- What you will do
After locating the line with "ag亚游登录不上去怎么回事_陇南成县东河生态景观二期工程施工监理中标公示" in the data that follows, return it and every later line exactly, up to and including the line with "Offshore oil rig drilling platform/Offshore".

- Excerpted data
------------------------
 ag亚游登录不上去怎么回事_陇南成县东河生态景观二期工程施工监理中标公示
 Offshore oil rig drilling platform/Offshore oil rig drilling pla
------------------------
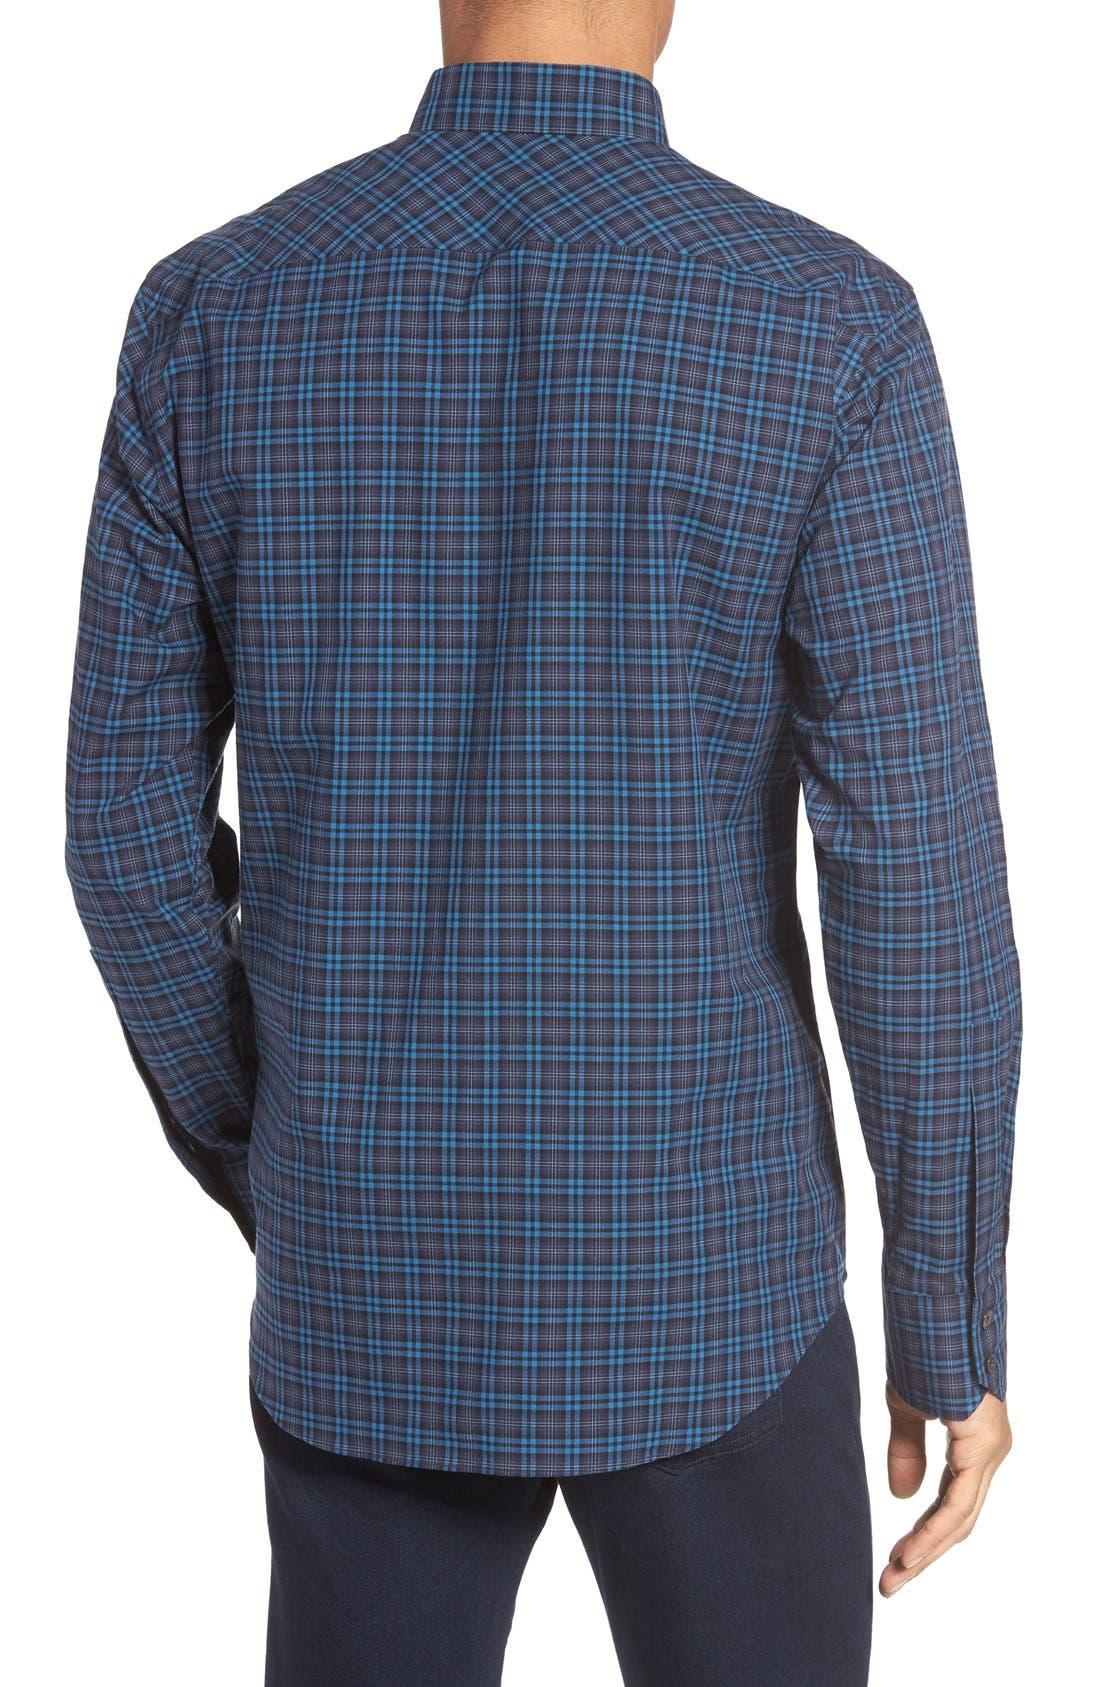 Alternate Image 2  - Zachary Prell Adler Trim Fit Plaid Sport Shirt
------------------------
- Reply
 ag亚游登录不上去怎么回事_陇南成县东河生态景观二期工程施工监理中标公示
 Offshore oil rig drilling platform/Offshore oil rig drilling pla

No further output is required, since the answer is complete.